If you’re going to be a hero, a political tyrant or any kind of celebrity it’s a good move to have a distinctive hair do. Nero was no exception. His long fringe with fetching curls around the forehead stayed with him throughout his life and was meticulously depicted by sculptors during his 30 years. Born into the first Dynasty – a powerful family – the son of ambitious mother Agrippina, he became Emperor of Rome and its huge empire in AD54 when he was just 16. This is what we see in this early bust of Nero – a healthy, strong, ambitious young man taking the reins of power in both hands and making his mark.
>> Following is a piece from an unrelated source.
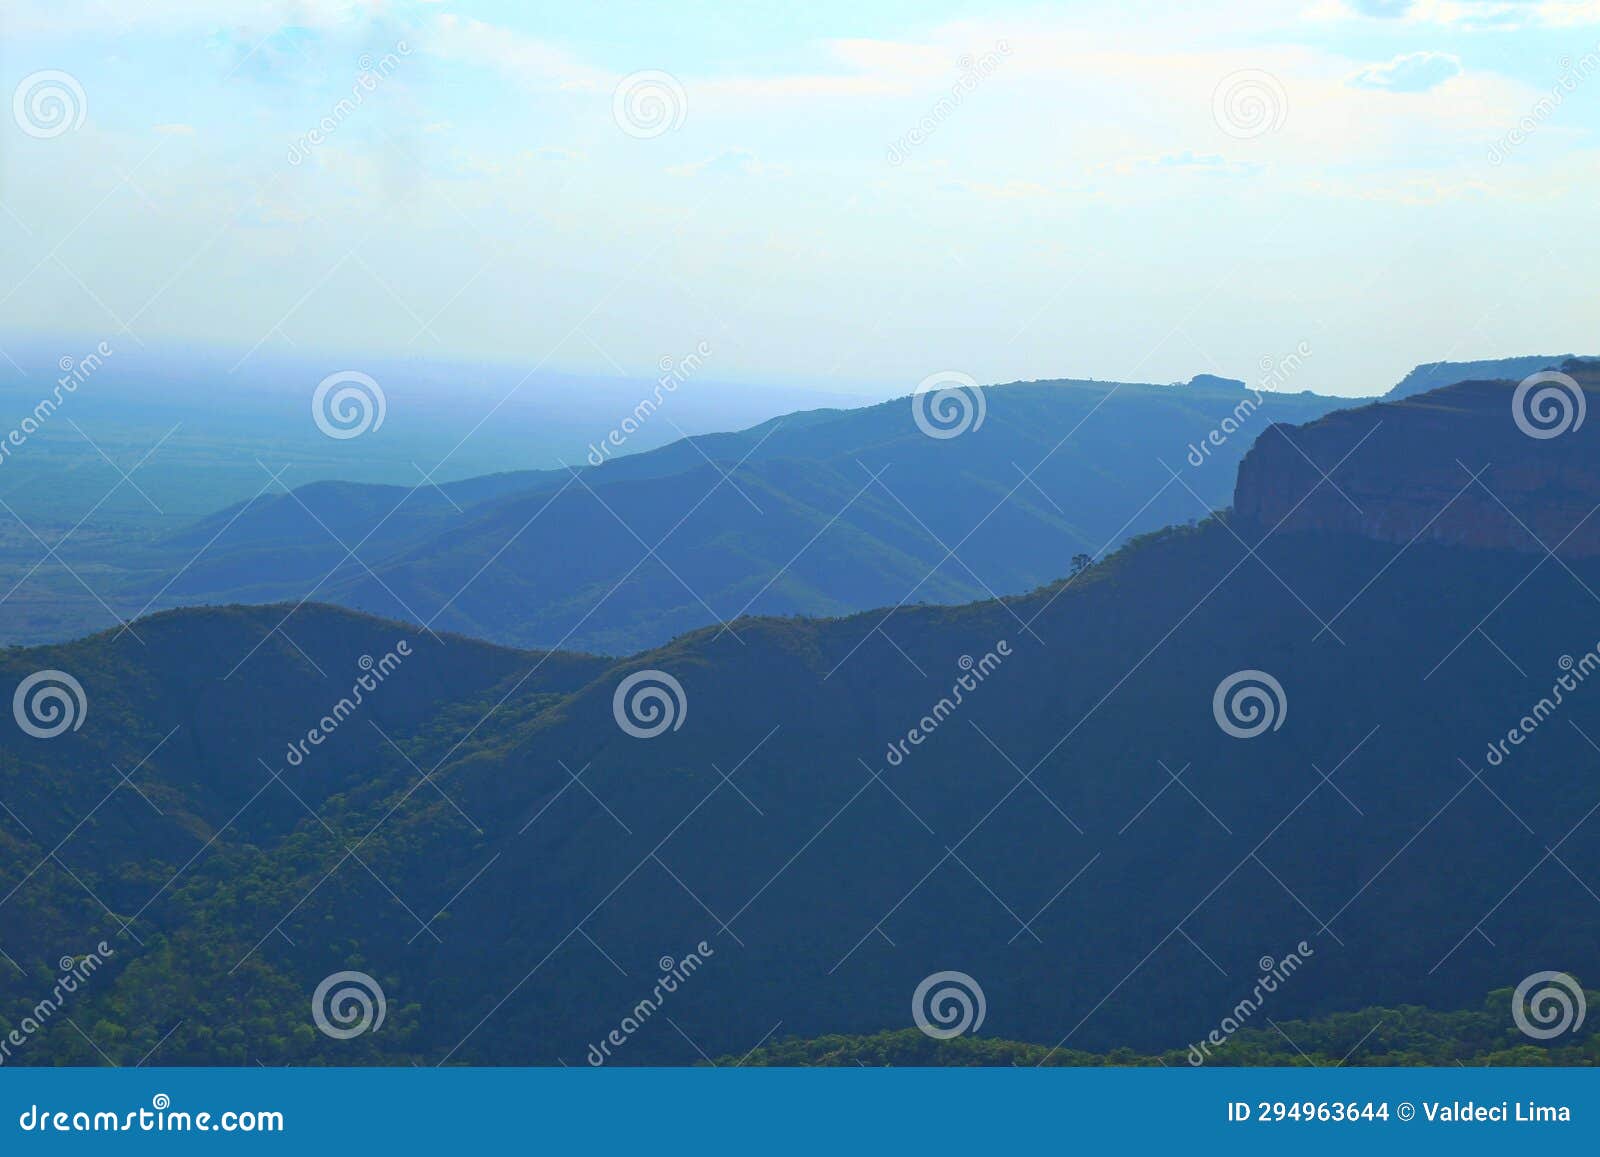 blue mountains with color scale on foggy day

Nero was renowned for his careless cruelty. He thought nothing of slaughtering any opponent and seems to have had no allegiance to his family. He ordered the murder of his mother and his wife (who did not produce an heir) and maintained a reputation for brutal treatment of enemies and anyone who threatened his power.
I was first introduced to Nero through the compelling books by Robert Graves – I, Claudius and Claudius the God. The television series in the 1970s was brilliant too. You gather, from these fictional and dramatic interpretations of life in Rome in the first century AD is that you had to be ruthless if you wanted to maintain your power.
One is left with the sense that Nero was successful as a leader but that he was not loved by his people. He used only brutality, cruelty and power to keep his great empire in check but there were protests and it was only a matter of time before the farthest flung regions of the empire – like Britain – would chase away the Romans through bold and courageous insurrections by local leaders such as Boudicca. He reigned through turbulent times, not least the terrifying nine days when Rome burned out of control and much of the city was razed to the ground. We are told in this exhibition that he wasn’t at home (fiddling or playing the lyre) but away at a holiday palace. To his credit he returned to Rome to help the rescue operation and assist the survivors.
But this is a fascinating show and a great way to time travel to a terrifying period in history.
Nero: the man behind the myth is on show at the British Museum until 24th October 2021.